Would you copy the records below, exactly and only from their first line through the line containing "energy-efficient retrofits and", without any pictures?

SUPPLIED DATA below:

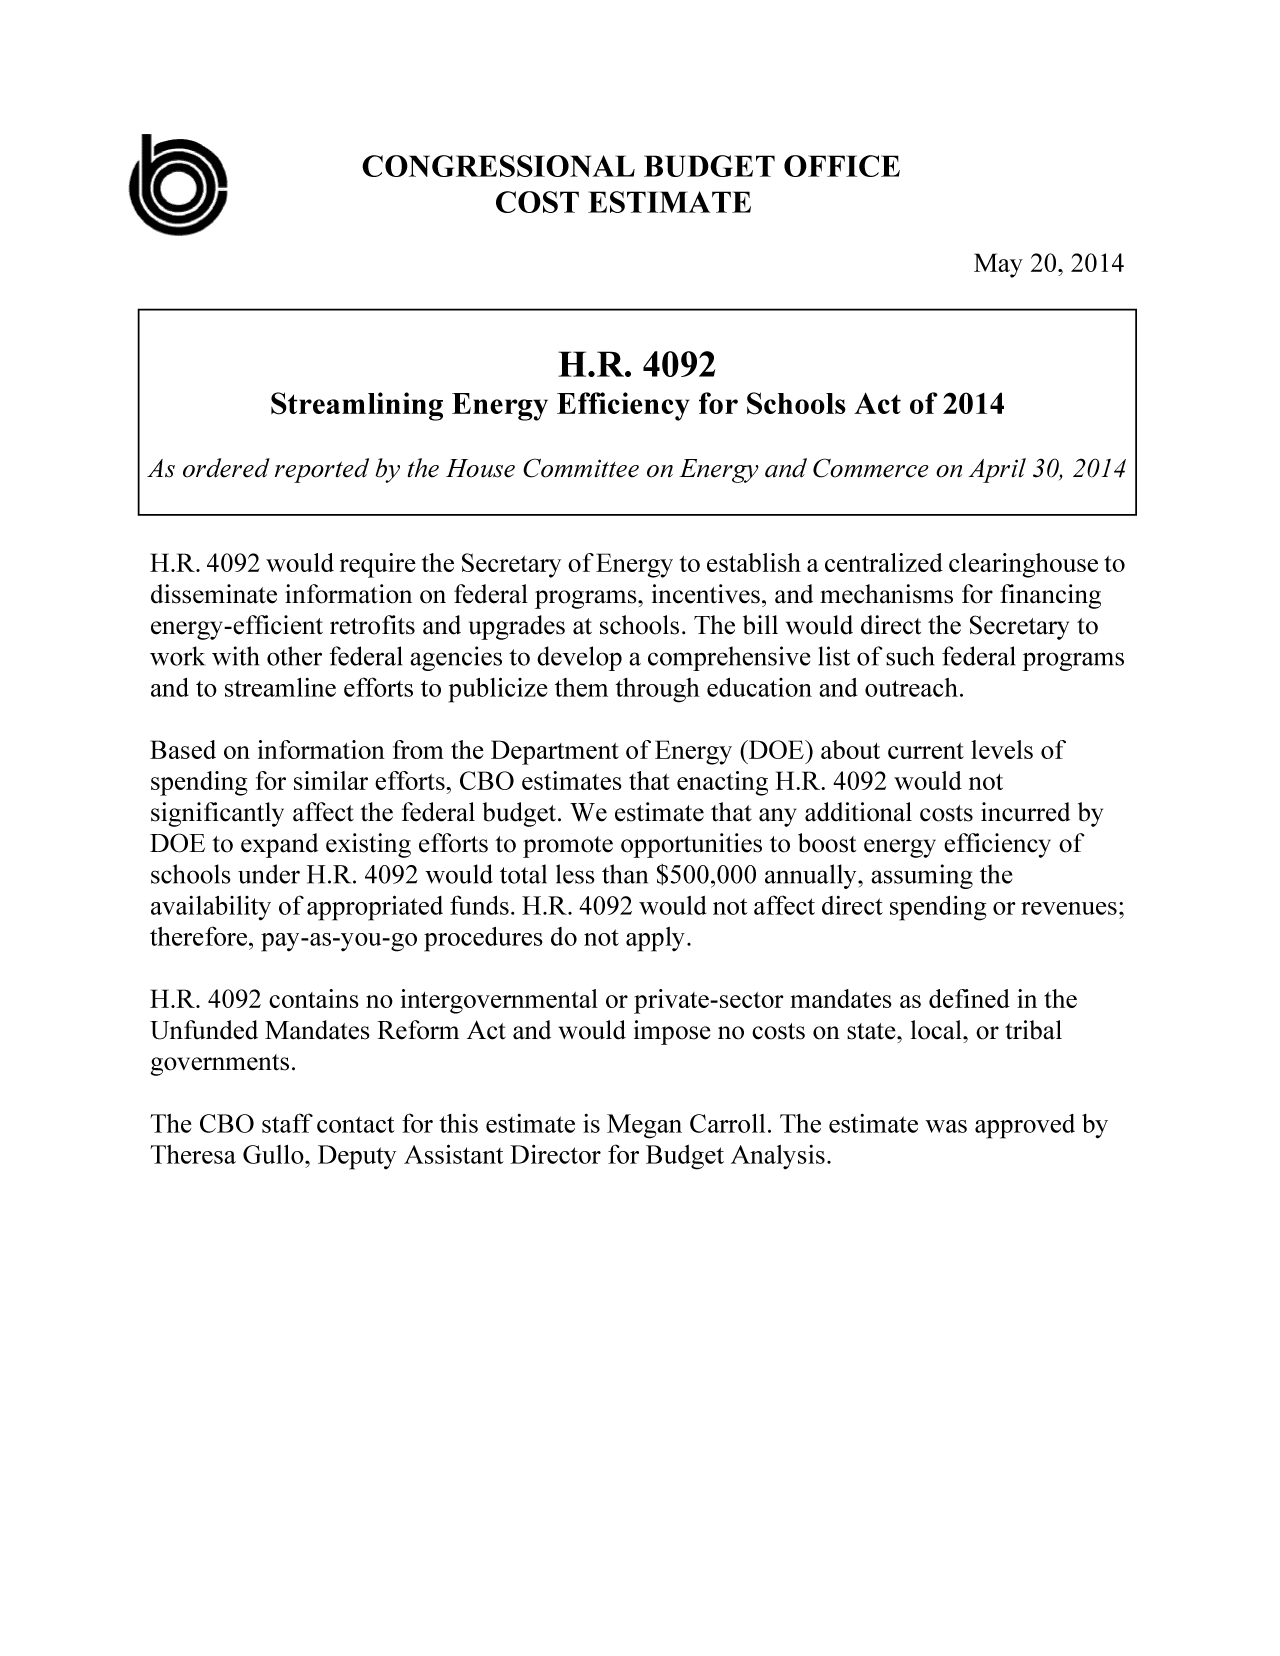 handle is hein.congrec/cbo1647 and id is 1 raw text is: CONGRESSIONAL BUDGET OFFICE
0'                          COST ESTIMATE
May 20, 2014
H.R. 4092
Streamlining Energy Efficiency for Schools Act of 2014
As ordered reported by the House Committee on Energy and Commerce on April 30, 2014
H.R. 4092 would require the Secretary of Energy to establish a centralized clearinghouse to
disseminate information on federal programs, incentives, and mechanisms for financing
energy-efficient retrofits and upgrades at schools. The bill would direct the Secretary to
work with other federal agencies to develop a comprehensive list of such federal programs
and to streamline efforts to publicize them through education and outreach.
Based on information from the Department of Energy (DOE) about current levels of
spending for similar efforts, CBO estimates that enacting H.R. 4092 would not
significantly affect the federal budget. We estimate that any additional costs incurred by
DOE to expand existing efforts to promote opportunities to boost energy efficiency of
schools under H.R. 4092 would total less than $500,000 annually, assuming the
availability of appropriated funds. H.R. 4092 would not affect direct spending or revenues;
therefore, pay-as-you-go procedures do not apply.
H.R. 4092 contains no intergovernmental or private-sector mandates as defined in the
Unfunded Mandates Reform Act and would impose no costs on state, local, or tribal
governments.
The CBO staff contact for this estimate is Megan Carroll. The estimate was approved by
Theresa Gullo, Deputy Assistant Director for Budget Analysis.



End of SUPPLIED DATA.

* **RESPONSE TO THE EXERCISE**
 handle is hein.congrec/cbo1647 and id is 1 raw text is: CONGRESSIONAL BUDGET OFFICE
0'                          COST ESTIMATE
May 20, 2014
H.R. 4092
Streamlining Energy Efficiency for Schools Act of 2014
As ordered reported by the House Committee on Energy and Commerce on April 30, 2014
H.R. 4092 would require the Secretary of Energy to establish a centralized clearinghouse to
disseminate information on federal programs, incentives, and mechanisms for financing
energy-efficient retrofits and upgrades at schools. The bill would direct the Secretary to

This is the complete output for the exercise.